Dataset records
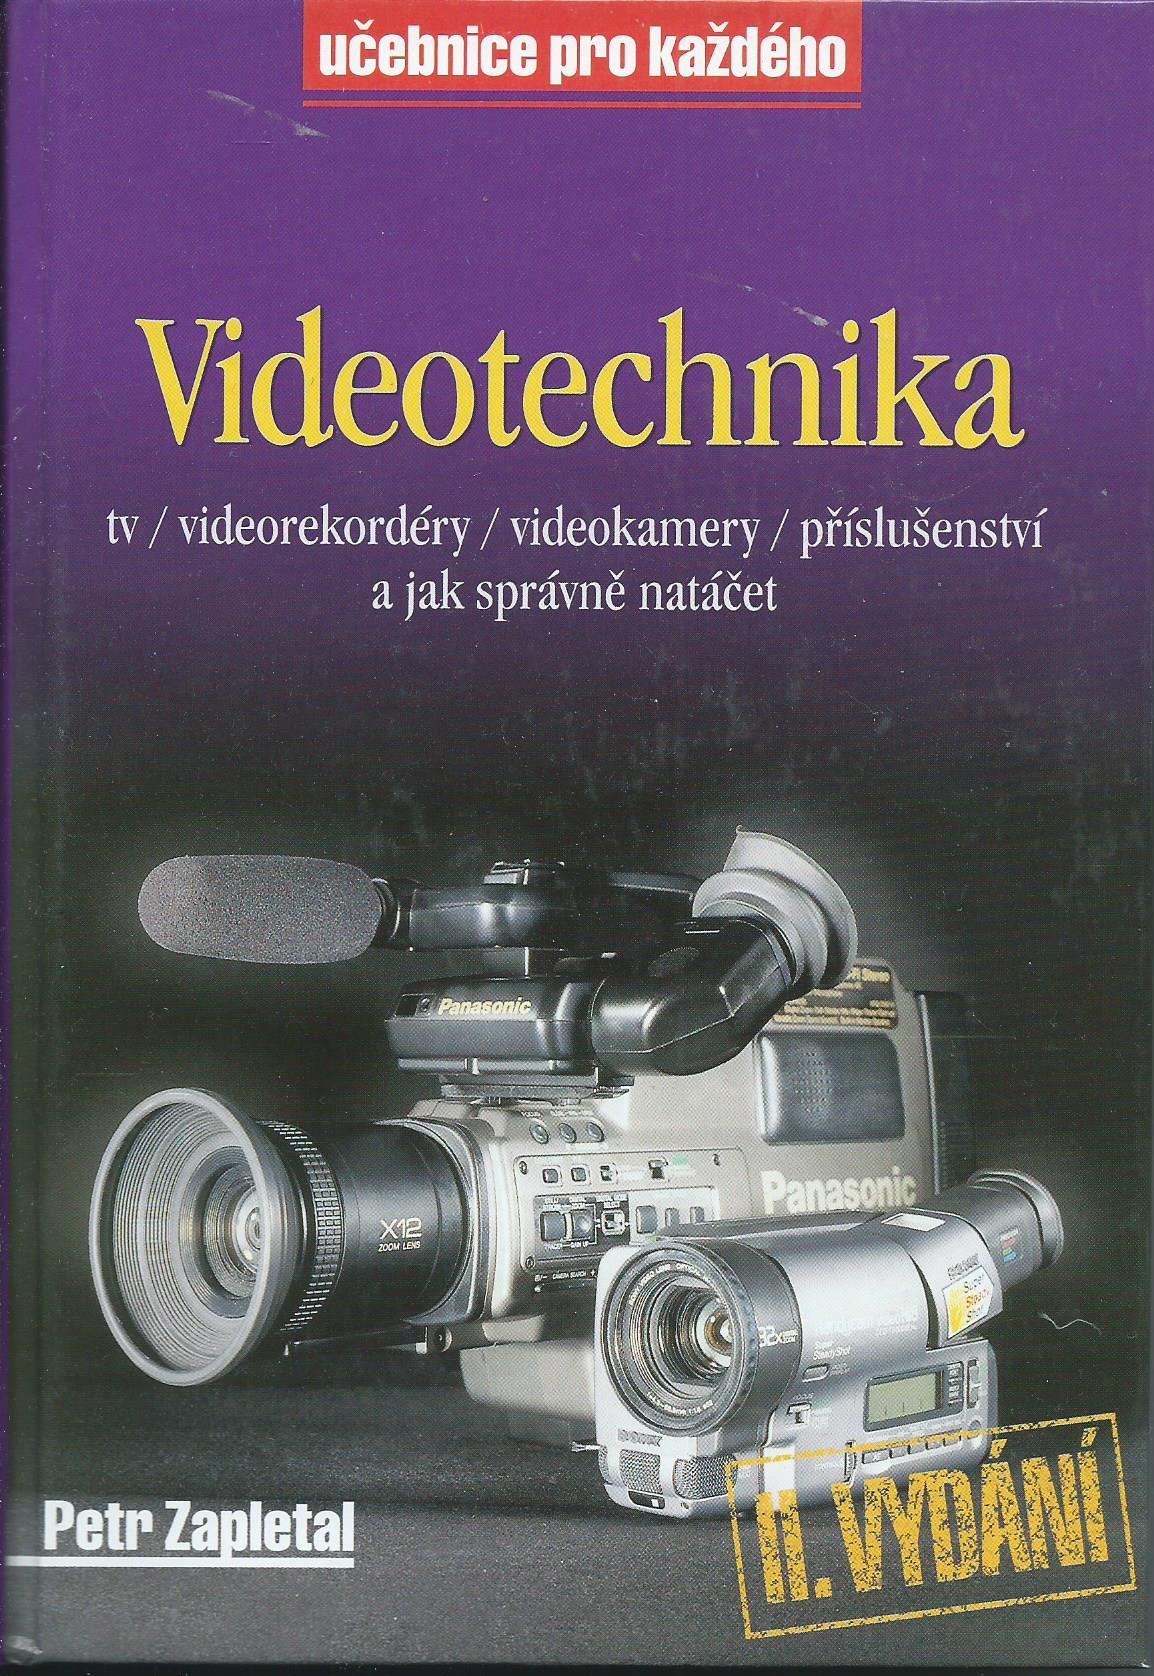 Videotechnika - Petr Zapletal
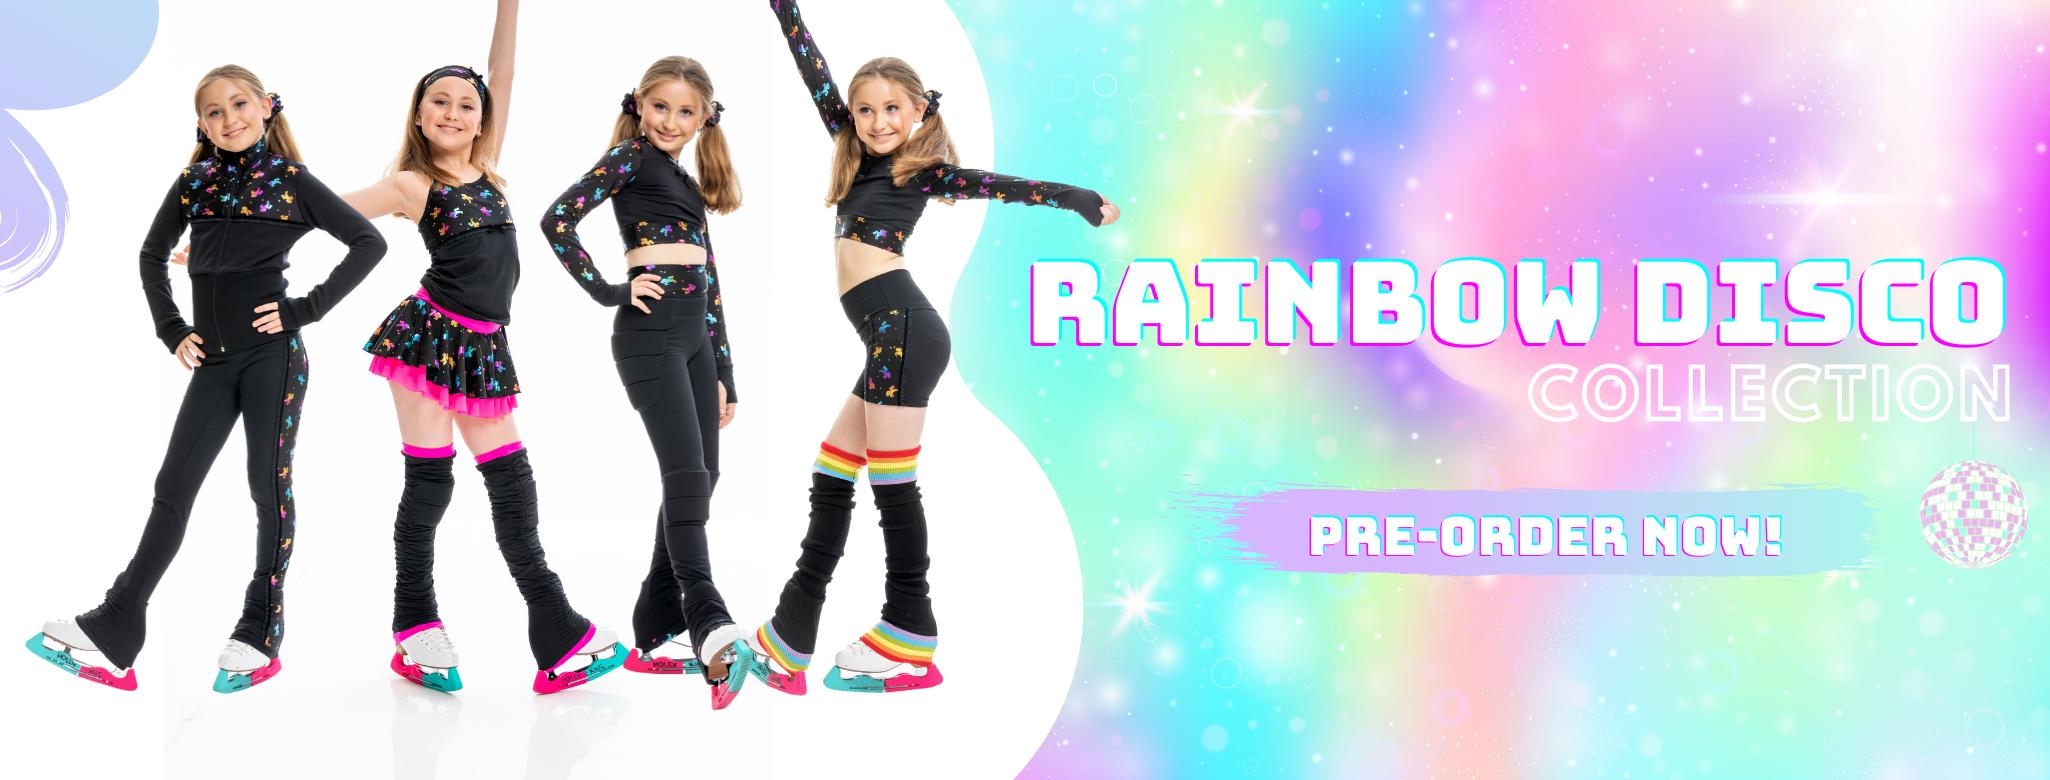 rainbowdisco-unicorn-facebookbanner.png
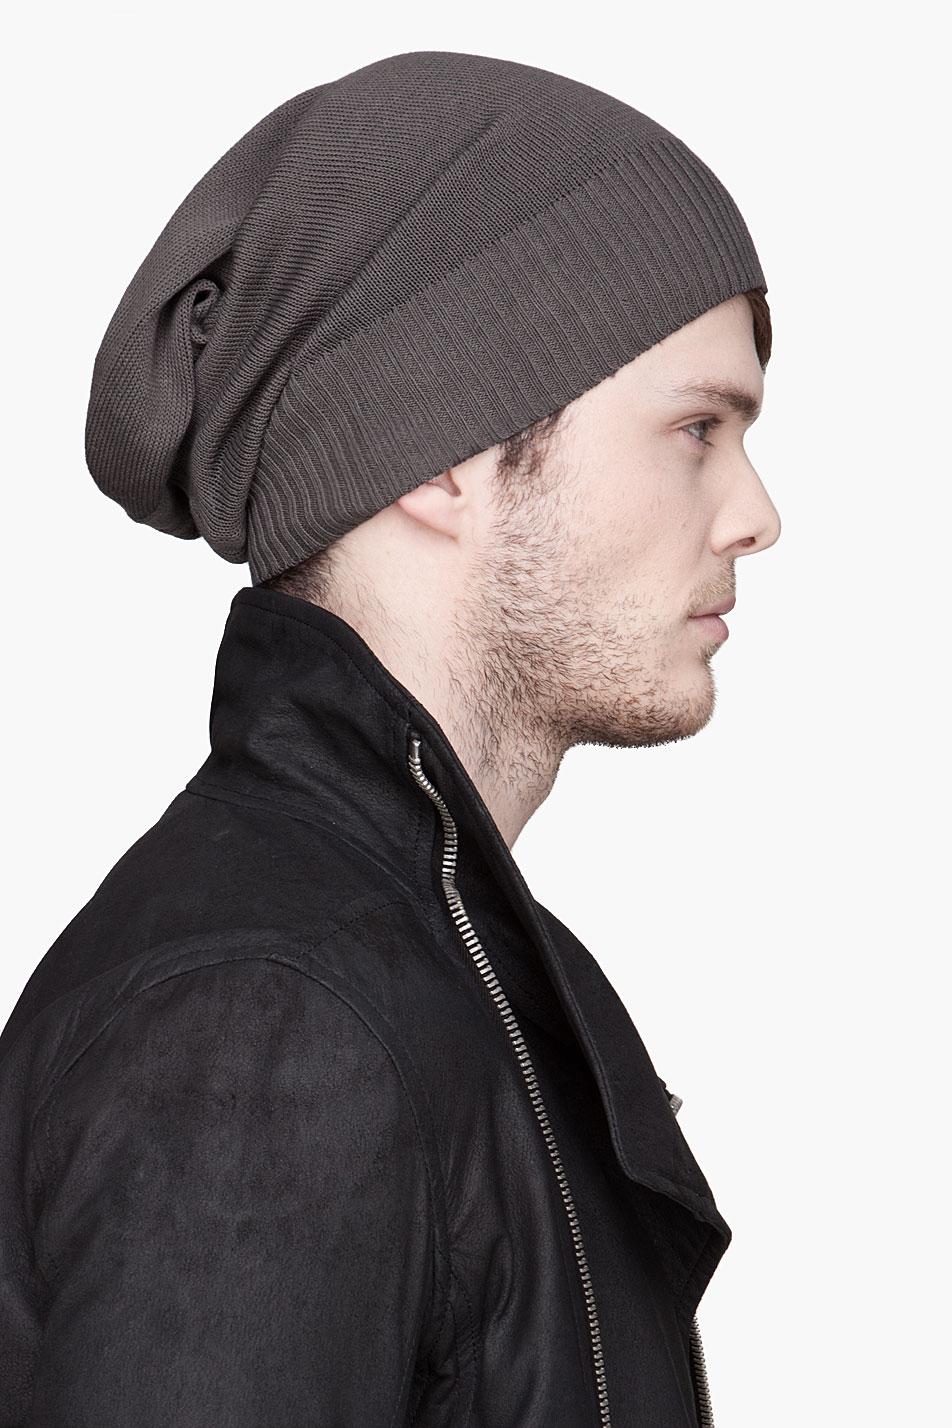 67525e05a03b4 Rick Owens BNWT PLINTH MERINO BEANIE Size one size - Hats for Sale - Grailed
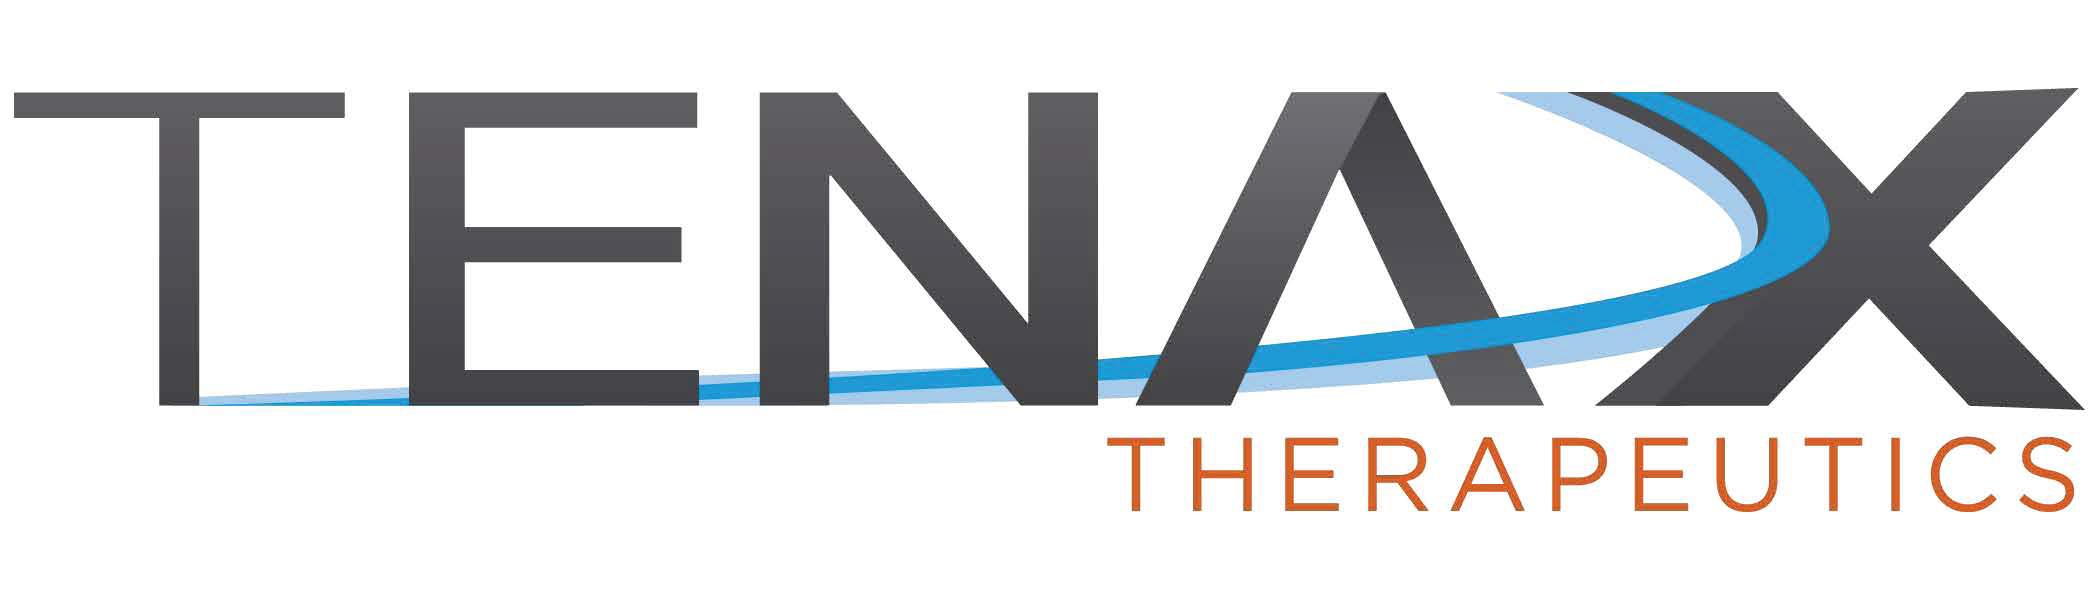 Tenax Therapeutics Inc
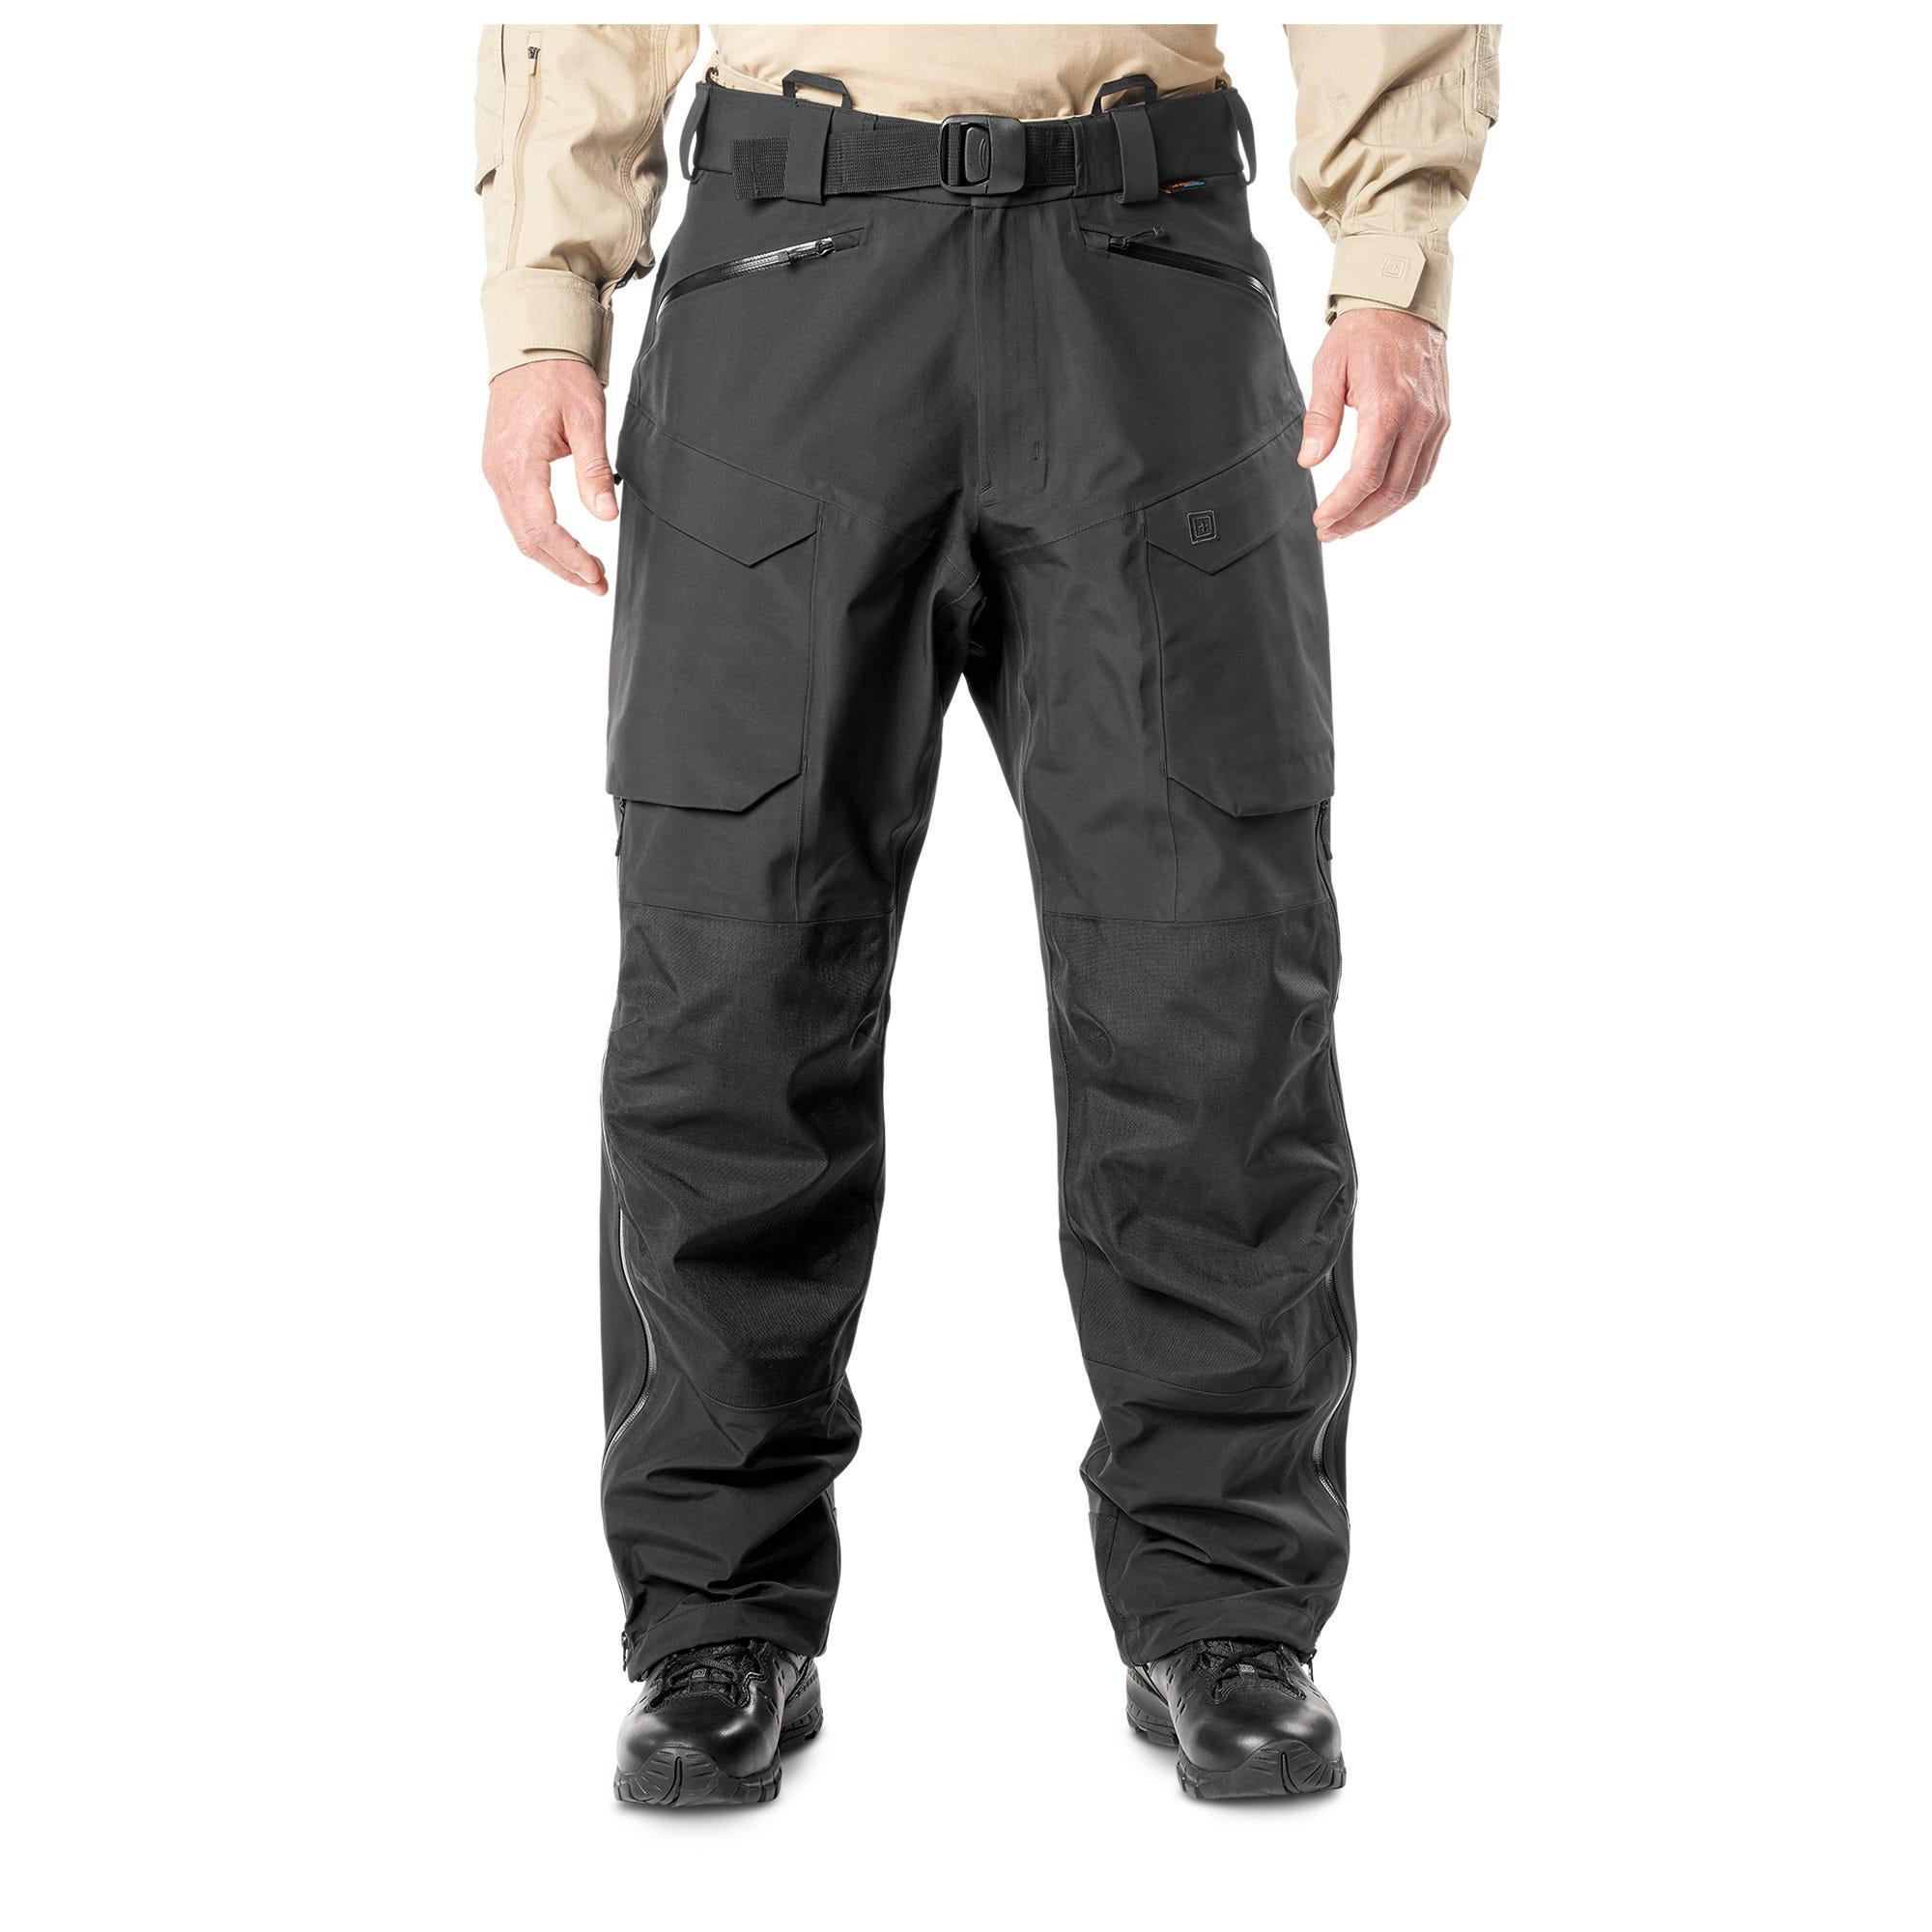 5.11 Tactical Men's XPRT Waterproof Pant (Black)

Activity
Will you restate every entry word for word and omit the images?

Result of the exercise
 Videotechnika - Petr Zapletal
 rainbowdisco-unicorn-facebookbanner.png
 67525e05a03b4 Rick Owens BNWT PLINTH MERINO BEANIE Size one size - Hats for Sale - Grailed
 Tenax Therapeutics Inc
 5.11 Tactical Men's XPRT Waterproof Pant (Black)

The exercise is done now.